Regulatory Affairs Senior Manager

Abbott is a global healthcare leader that helps people live more fully at all stages of life. Our portfolio of life-changing technologies spans the spectrum of healthcare, with leading businesses and products in diagnostics, medical devices, nutritionals and branded generic medicines. Our 114,000 colleagues serve people in more than 160 countries.

This regulatory affairs senior manager position is an onsite opportunity working out of our Santa Clara, CA location in the Abbott Vascular Division.  The candidate will combine knowledge of scientific, regulatory, and business issues to enable products, including combination products, that are developed, manufactured or distributed to meet required legislation. This new team member has department/group/site level influence and is generally recognized as an expert resource and mentor within the department.

Roles and Responsibilities 

• Provide regulatory input to product lifecycle planning. Provide strategic input and technical guidance on regulatory requirements to development teams.
• Prepare robust regulatory applications (FDA and international regulatory agencies) to achieve departmental and organizational objectives.
• Assist in the development of multi-country regulatory strategy and update strategy based upon regulatory changes.
• Support pre and post approval clinical strategy and submission activities.
• Anticipate regulatory obstacles and emerging issues throughout the product lifecycle and develop solutions with other members of regulatory and related teams.
• Assess the acceptability of development, quality, preclinical and clinical documentation for submission filing.  Compile, prepare, review and submit regulatory submissions to authorities.
• Negotiate and interact with regulatory authorities during the development and review process to ensure submission approval.
• Ensure compliance with US and global product post marketing approval requirements.
• Evaluate proposed preclinical, clinical and manufacturing changes for regulatory filing strategies.
• Execute and manage technical and scientific regulatory activities. Must function independently as a decisionmaker on regulatory issues and must assure that deadlines are met.
• Effectively communicate, prepare, and negotiate both internally and externally with various regulatory agencies.
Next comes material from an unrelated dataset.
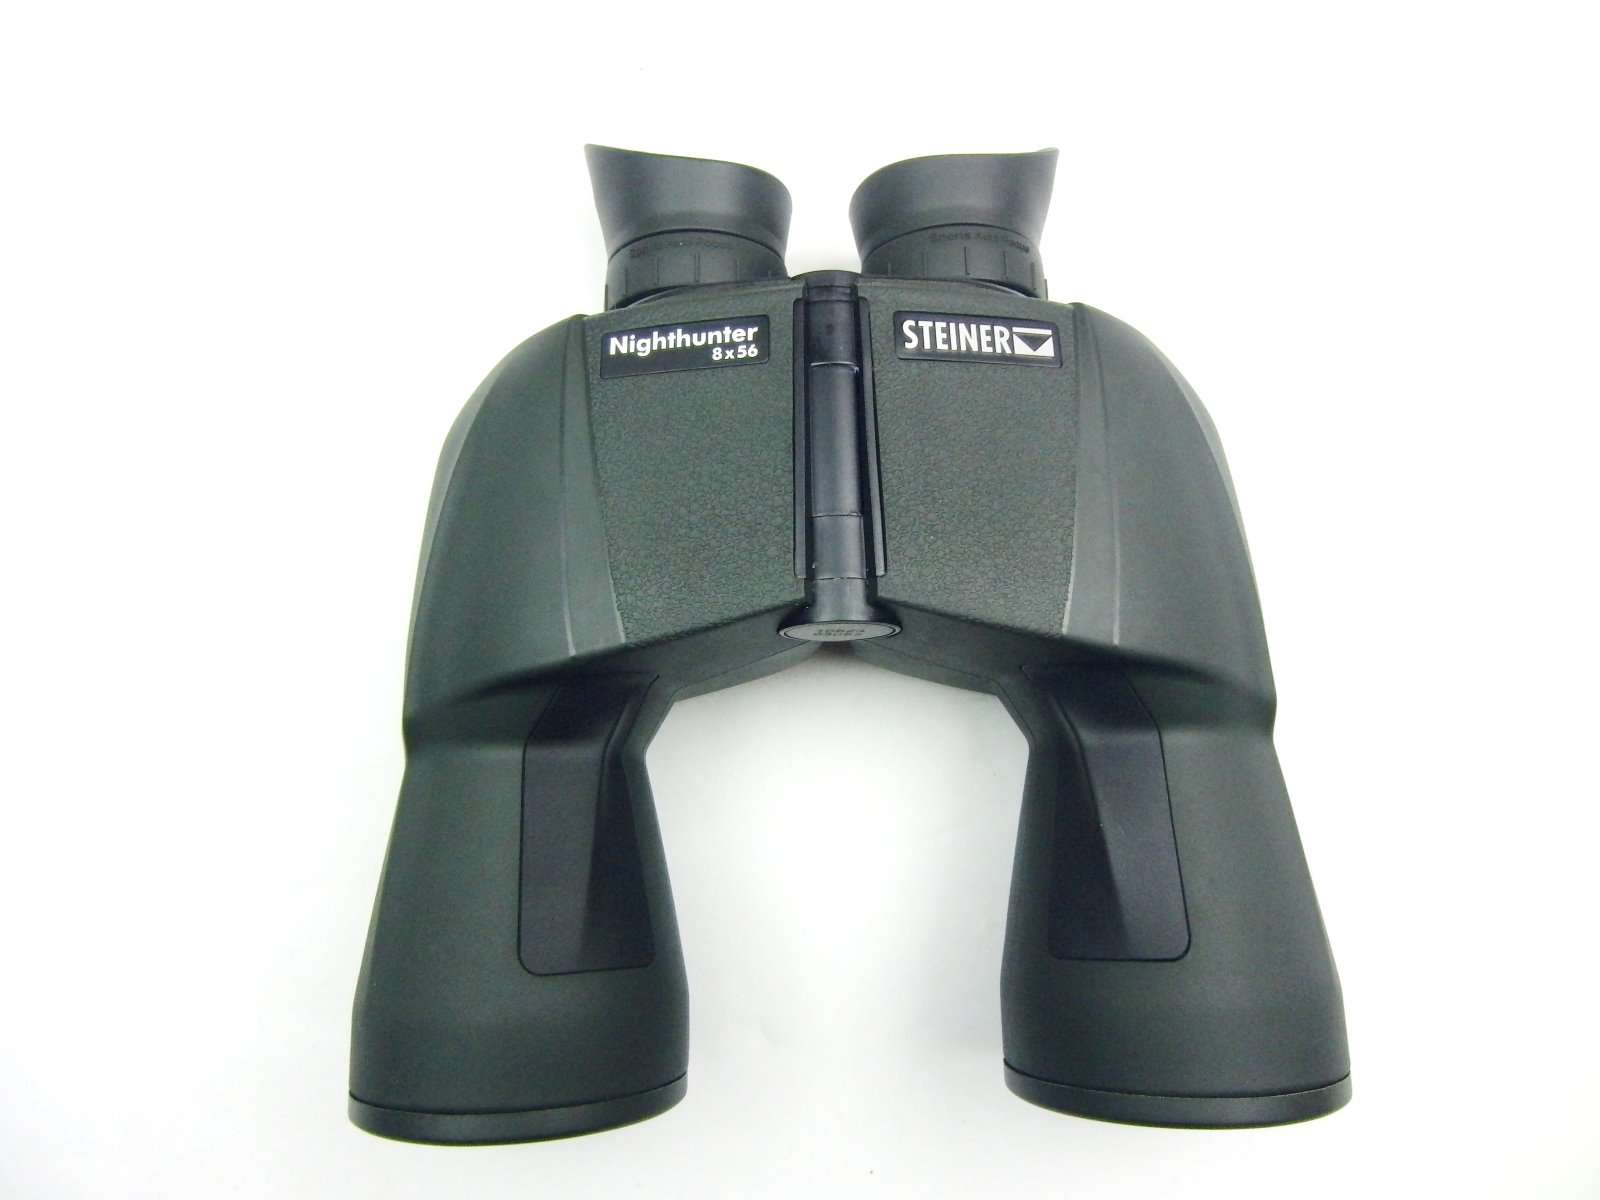 Steiner nighthunter ferngläser optik waffen schmitt

Properly interpret and apply regulatory requirements.
• Interface with a variety of management levels on significant matters, often requiring the coordination of activity across organizational units.
• Provide leadership and guidance towards achieving department objectives and act as a mentor to less-experienced staff.
• May supervise exempt or non-exempt employees.
• May lead a cross-functional or cross-divisional project team.
• Responsible for compliance with applicable Corporate and Divisional Policies and procedures.

Required Qualifications

• Bachelor's Degree in a related field OR an equivalent combination of education and work experience.
• Minimum 9 years related experience.
• Provides direction and monitors progress of exempt specialists and/or supervisory staff toward departmental goals.
• Monitors costs of projects and of human and material resources within a department or unit.
• Monitors company-wide indicators such as market share and profitability.
• Monitors external environment in area of technical or professional responsibility.
• Develops and/or identifies new work processes and the improved utilization of human and material resources within the assigned or related functions or groups.
• Facilitates others' participation in the continuous improvement program.
• Investigates and solves problems that impact work processes and personnel within or across units or departments.
• Develops and communicates a vision for the organizational unit assigned.

Preferred Qualifications

• Bachelor's degree in science, math, engineering, or medical fields.
• Master’s or Ph.D. in a technical area.
• Previous experience with PMA / IDE and international submissions.
• Experience with combination product and/or Class III medical devices.
• Experience with IDE trial strategy and post market clinical activities.
• Ability to define regulatory strategy. Able to follow scientific arguments, identify regulatory scientific data needs and solve regulatory issues.
• Experience with post-approval manufacturing and design changes.
• Ability to effectively communicate verbally and in writing, prepare, and negotiate both internally and externally with various regulatory agencies.
• Ability to work effectively on cross-functional teams.
• Strong attention to detail.
• Experience with organizing and tracking complex information.  Able to juggle multiple and competing priorities.
• Experience with exercising judgment within broadly defined practices and policies in selecting methods, techniques and evaluation criteria for obtaining results.  Has broad knowledge of various technical alternatives and their potential impact on the business.
• Uses in-depth knowledge of business functions and cross group dependencies/ relationships.